- Date: July 18 – August 14, 2009;
- Location: West Kelowna and surrounding area

Statistics
- Burned area: 9,877 hectares (24,410 acres) total;
- Land use: Parkland, Rural

Impacts
- Structures lost: 4

Ignition
- Cause: Suspected human cause

= West Kelowna wildfires =

2009 wildfires in British Columbia, Canada

On July 18, 2009, 3 wildfires broke out around the city of West Kelowna, British Columbia during extremely dry and windy conditions. Over 20,000 people were evacuated as a result of the fires. 9877 ha of forest was burned along with 4 buildings. All 3 fires were suspected as human caused but the exact ignition source is still unknown.

==Fires==

===Glenrosa Fire===
The Glenrosa Fire started at around 2:30 pm above the Glenrosa subdivision in West Kelowna, British Columbia. The fire quickly exploded due to extremely dry conditions and heavy down slope winds. The fire posed an immediate threat to the entire subdivision, over 4,500 homes were evacuated affecting over 10,000 people. Incredibly, only 4 homes were lost and the fire was quickly contained a few days later after burning 400 ha acres of forest.

===Rose Valley Fire===
The Rose Valley Fire started at around 7:30 pm, July 18, 2009, behind the Rose Valley subdivision on the east side of West Kelowna. The fire burned aggressively overnight and was estimated at 150 hectares by 9:00 pm, July 19. Over 8,000 people were evacuated but no structures were lost or damaged. Fire activity remained minimal and it was fully contained a few days later. Total area burnt 200 ha.

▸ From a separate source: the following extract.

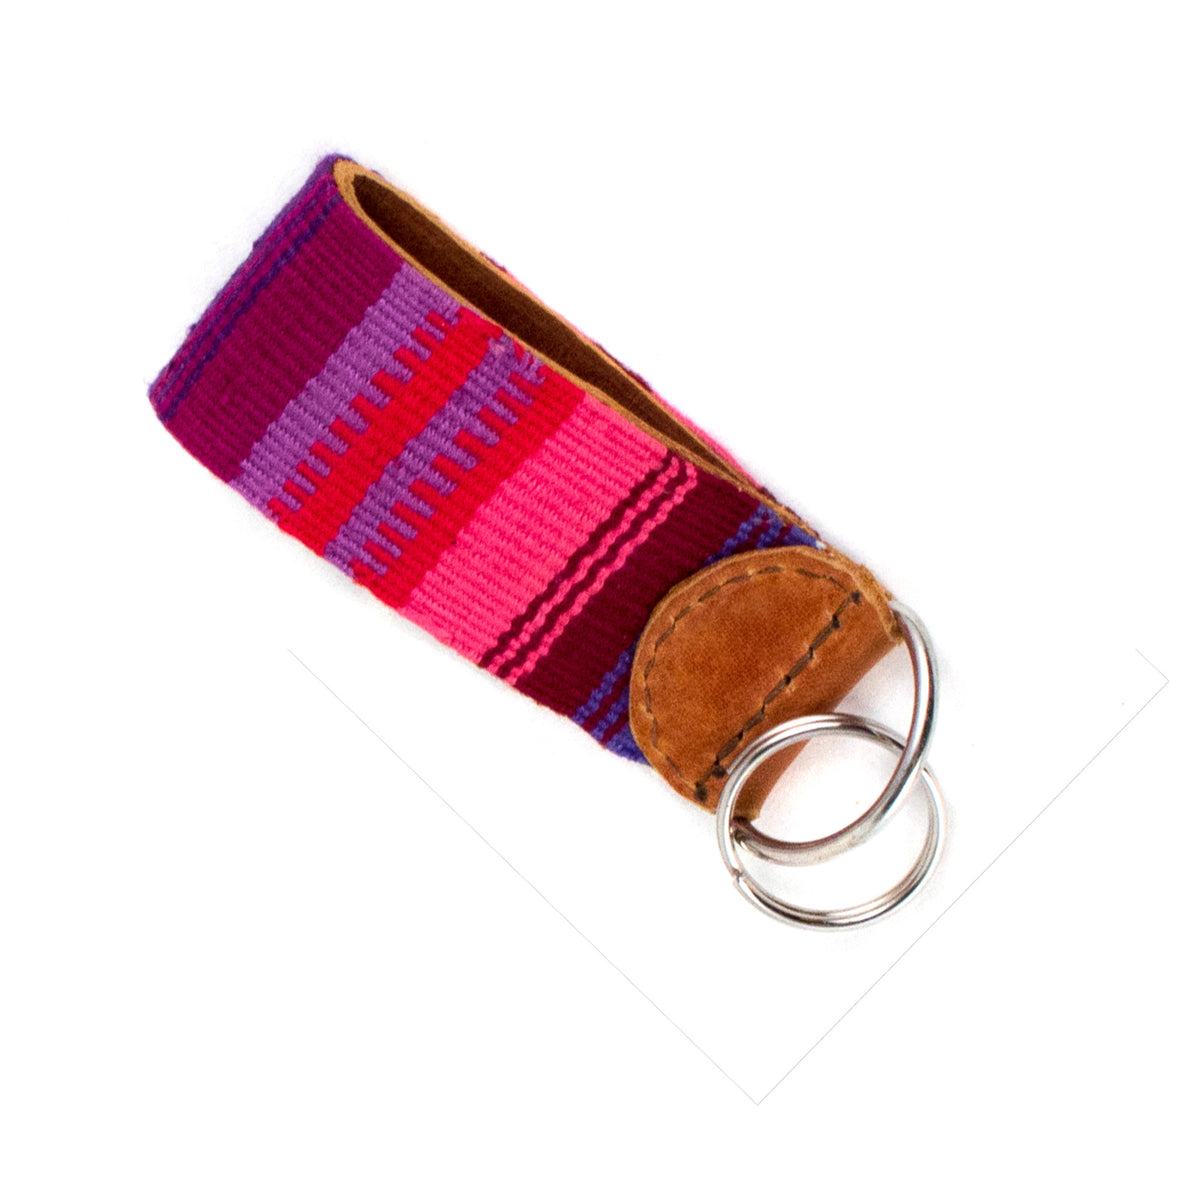 Handwoven Key Fob - pink and purple | Mayan Hands

===Terrace Mountain Fire===
The Terrace Mountain Fire started at around 5:30 pm, July 18, 2009, in the mountains behind Fintry, British Columbia, just north of West Kelowna. The fire was considered to be the least threatening of the 3 fires and burned with minimal suppression efforts for the first 12 hours. Resources on site include 70 firefighters, 4 water-bucketing helicopters, heavy equipment and air tankers. There are no evacuations or alerts at this point although the fire is moving east towards Okanagan lake. Total area burnt 9877 ha.

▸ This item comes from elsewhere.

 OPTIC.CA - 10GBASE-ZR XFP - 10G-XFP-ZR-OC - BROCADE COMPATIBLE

====Timeline of the Terrace Mountain Fire====
- July 18;
- The Terrace Mountain Fire started at around 5:30 pm

- July 19;
- The Terrace Mountain Fire grows to 875 hectares by 9:00 pm.
- Dense dry fuels, high temperatures, low humidity and moderate winds contribute to the fires growth.
- 9:00 am, minimal growth reported overnight, now 30% contained.
- 9:00 pm, fire grows to 1,300 hectares.
- 10:00 pm, the fire grows to 1,050 hectares and is 15-20% contained.

- July 21;
- 9:00 am, the fire did not grow overnight. Evacuation alerts are in place for residents in the back country west of Fintry.

- July 22;
- 9:00 am, fire estimated at 2000 hectares.
- 12:00 pm, 13 people evacuated from Fintry High Farm. 2,200 people along Westside Road communities are now under evacuation alert.

- July 23;
- 5:00 am, extreme fire activity reported.
- 8:00 am, fire estimated at 4,000 hectares. 2,200 people now on evacuation order.

- July 24–31;
- 9:00 am, rain slows fire growth. Now estimated at 4,400 hectares.

- August 1;
- The fire is now 90% contained. Fire is still estimated at 4,400 hectares.
- A massive flare up on the east flank sends the fire burning towards the lake. 1,200 people are placed on an evacuation order and another 2,500 on evacuation alert.

- August 2–13;
- 8:00 am, the fire is now estimated at 7,000 hectares. 2,700 residents are on evacuation order.
- The fire is officially mapped at 7,500 hectares, activity remains minimal.
- Cool weather helps with fire suppression efforts. The fire is now 9000 hectares in size and is 75% contained.

- August 14;
- Heavy rains suppress the Terrace Mountain Fire, final size is 9277 hectares.